The calculation of standardized distributable cash is, in all material respects, in accordance with the recommendations provided in the CICA publication Standardized Distributable Cash in Income Trusts and Other Flow-Through Entities: Guidance on Preparation and Disclosure. Standardized distributable cash is not a defined term under Canadian generally accepted accounting principles ("GAAP") and does not have a standardized meaning prescribed by GAAP. Standardized distributable cash is defined as cash flow from operations after non-cash working capital items, less: gross capital expenditures; restrictions on distributions arising from compliance with financial covenants restrictive at the time of reporting; and limitations arising from the existence of a minority interest Net capital expenditures represent all capital expenditures incurred during the reporting period, net of proceeds received on disposal of property, plant and equipment.

Adjusted distributable cash is not a defined term under GAAP and does not have a standardized meaning. Adjusted distributable cash is defined as standardized distributable cash adjusted for changes in non-cash working capital, items that may be of a non-recurring nature and reflecting only maintenance capital expenditures and not growth-related capital expenditures.

Management believes that adjusted distributable cash as a liquidity measure is a useful supplemental measure as it provides the independent Trustees with an indication of the amount of cash available for distribution to Unitholders before the effects of seasonal fluctuations in working capital.

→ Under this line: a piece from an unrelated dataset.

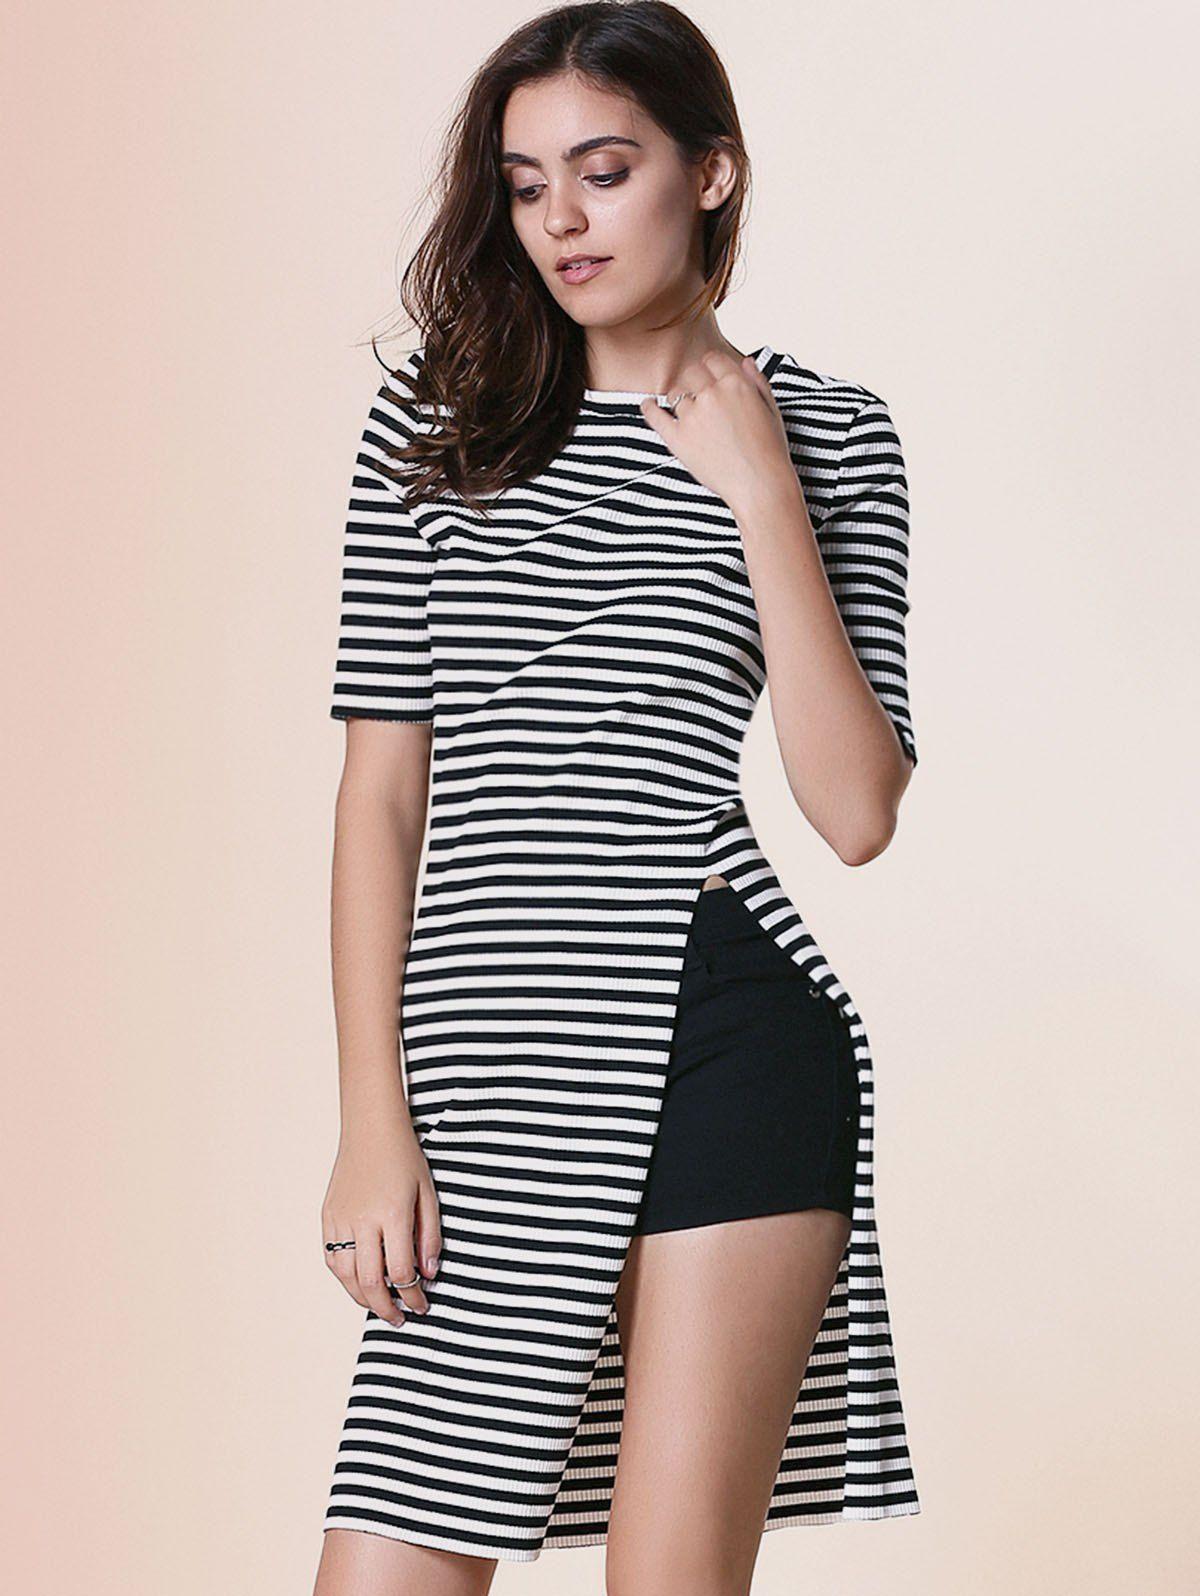 fdc88b1a65 Women s Stylish Round Neck Short Sleeve Striped Furcal Dress ...

Investors are cautioned, however, that adjusted distributable cash should not be construed as an alternative to using net earnings as a measure of profitability or to using information contained in the unaudited interim Consolidated Statements of Cash Flows as a measure of liquidity. Further, the Fund's method of calculating adjusted distributable cash may not be comparable to measures used by other entities.

Standardized distributable cash and adjusted distributable cash are discussed in the Fund's MD&A.